Rien de plus difficile que de démontrer avoir été victime d’une effraction. Les techniques modernes et le talent de certains cambrioleurs ne permettent pas toujours d’établir avec certitude l’existence d’une effraction. Nous avons pu récemment obtenir une décision que nous ne pouvons que saluer.

Les victimes d’un vol avaient fait la déclaration suivante :

« J’ai fait appel à vos services suite à un fait de vol survenu ce jour soit le 03/04/14 vers 16 h 30.
Je suis rentrée chez moi et j’ai déposé des affaires quand j’ai remarqué que quelque chose n’était pas normal. Je suis repartie de l’appartement que j’ai verrouillé avant d’appeler la police. Je suis certaine d’avoir entendu du bruit avant que je ne quitte l’immeuble.
La porte d’entrée n’était pas forcée. Les auteurs sont probablement entrés par les toits (…) ».

L’assureur refusait d’intervenir au motif qu’il n’y avait aucune trace d’effraction visible.

Le tribunal rappela d’abord qu’il est admis, en matière d’assurance vol, que le régime de preuve est assoupli compte tenu des difficultés pour la personne ayant subi le vol d’en rapporter la preuve certaine.

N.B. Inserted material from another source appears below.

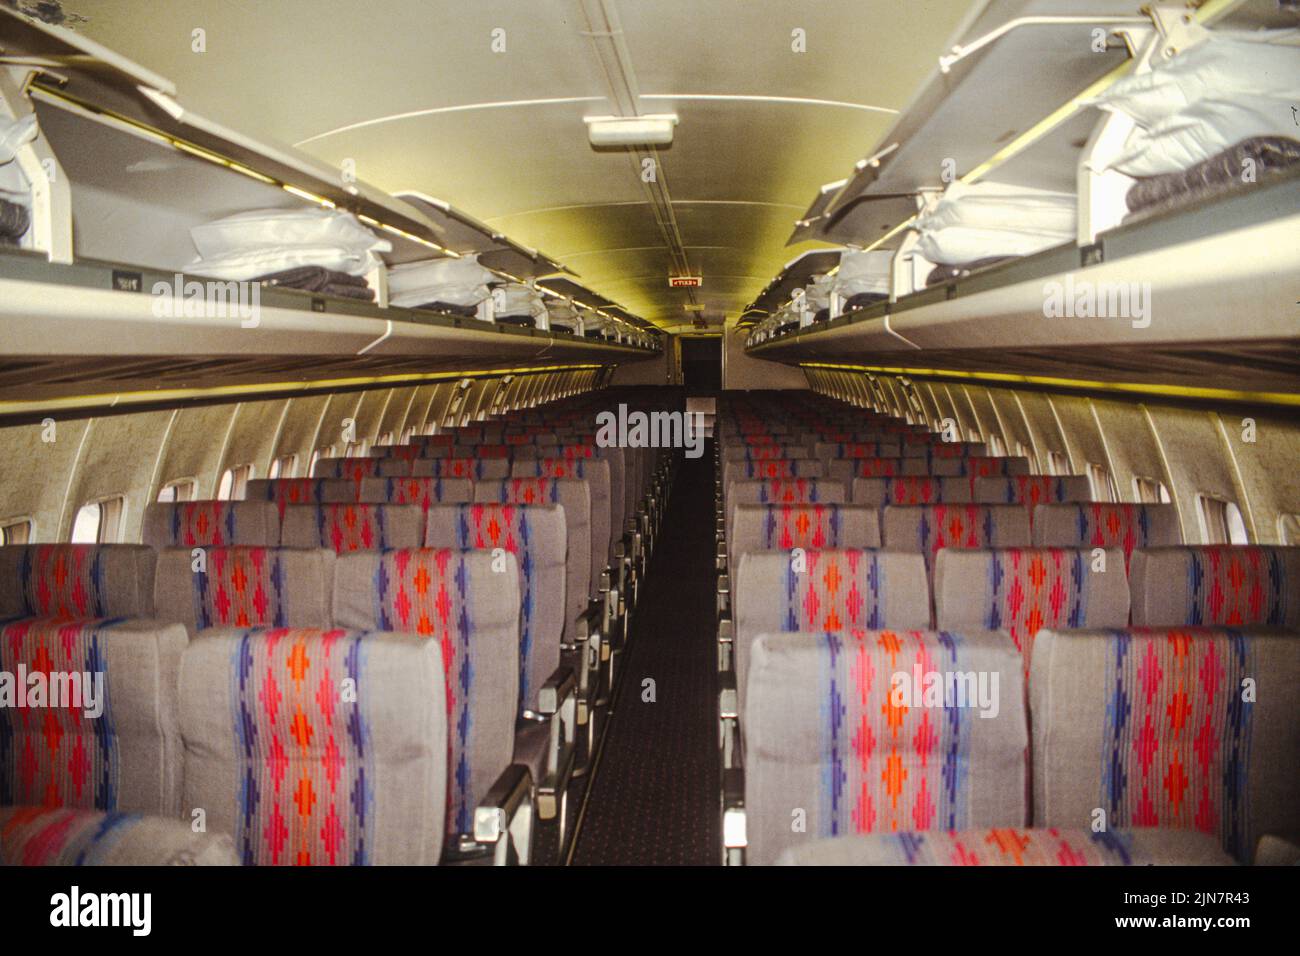 Airliner-Interieur Stockfoto

La doctrine et la jurisprudence enseignent ainsi que l’assuré peut se contenter d’établir la vraisemblance du vol, laquelle est acquise lorsque l’assuré produit la déclaration du vol jointe à la plainte déposée auprès de la police.

L’assureur qui entend contester la réalité du vol doit, de son côté, démontrer l’existence d’éléments. de nature à jeter le discrédit sur les déclarations de l’assuré.

Se posait, ensuite, la question de l’absence de trace d’effraction.

Se fondant sur le fait qu’il est admis que c’est à l’assureur qu’il appartient de démontrer le manquement contractuel ainsi que le lien de causalité entre ce manquement et le sinistre, le tribunal examina les données de l’espèce :

En l’espèce, la défenderesse soutient que la porte d’accès au bâtiment n’était pas verrouillée en sorte que la mesure de prévention stipulée à l’article A9.l.4 c) n’a pas été respectée, ce qui constitue une cause de déchéance du droit à la prestation d’assurance.

Elle se fonde, une fois encore, pour justifier son affirmation, sur la circonstance que les lieux ne présentaient pas de trace d’effraction visible. Elle en déduit que la seule explication plausible était que la porte était uniquement fermée (« claquée ») sans avoir été verrouillée.

En l’espèce, il y a lieu de constater qu’une fois encore, la défenderesse se fonde sur l’unique circonstance que les lieux ne présentaient pas de trace d’effraction visible pour en déduire que son assuré aurait commis un manquement contractuel.

Cette seule circonstance n’est, en soi, pas suffisante pour démontrer le manquement consistant dans le fait d’avoir omis de verrouiller la porte.

A cet égard, il y a lieu de constater que la défenderesse ne produit aucune photo de la porte ni aucune explication sur le mécanisme de verrouillage de celle-ci. Elle ne produit pas plus le rapport de l’expert qu’elle a dépêché sur les lieux et qui pourrait fournir des éclaircissements supplémentaires.

Elle écrit d’ailleurs, elle-même, dans ses courriers adressés à l’assureur protection juridique des demandeurs qu’elle ignore si la porte était verrouillée ou non :

Courrier du 24 juin 2014 : « Nous ne sommes (à ce stade) pas encore intervenues, car on n’a pas de preuve que la porte était verrouillée » ; Courrier du 28 juillet 2014 : « Vous comprenez que sans preuve de notre assuré concernant le oui ou non être verrouillé de la porte on ne peut pas intervenir »

Dans la mesure où la charge de la preuve repose sur la défenderesse, le risque d’absence de preuve doit être supporté par cette dernière en sorte qu’il y a lieu de constater que vu l’incertitude qui prévaut quant au verrouillage ou non de la porte d’accès, la défenderesse ne démontre pas que ses assurés ·ont commis un manquement justifiant la déchéance de leur droit à intervention.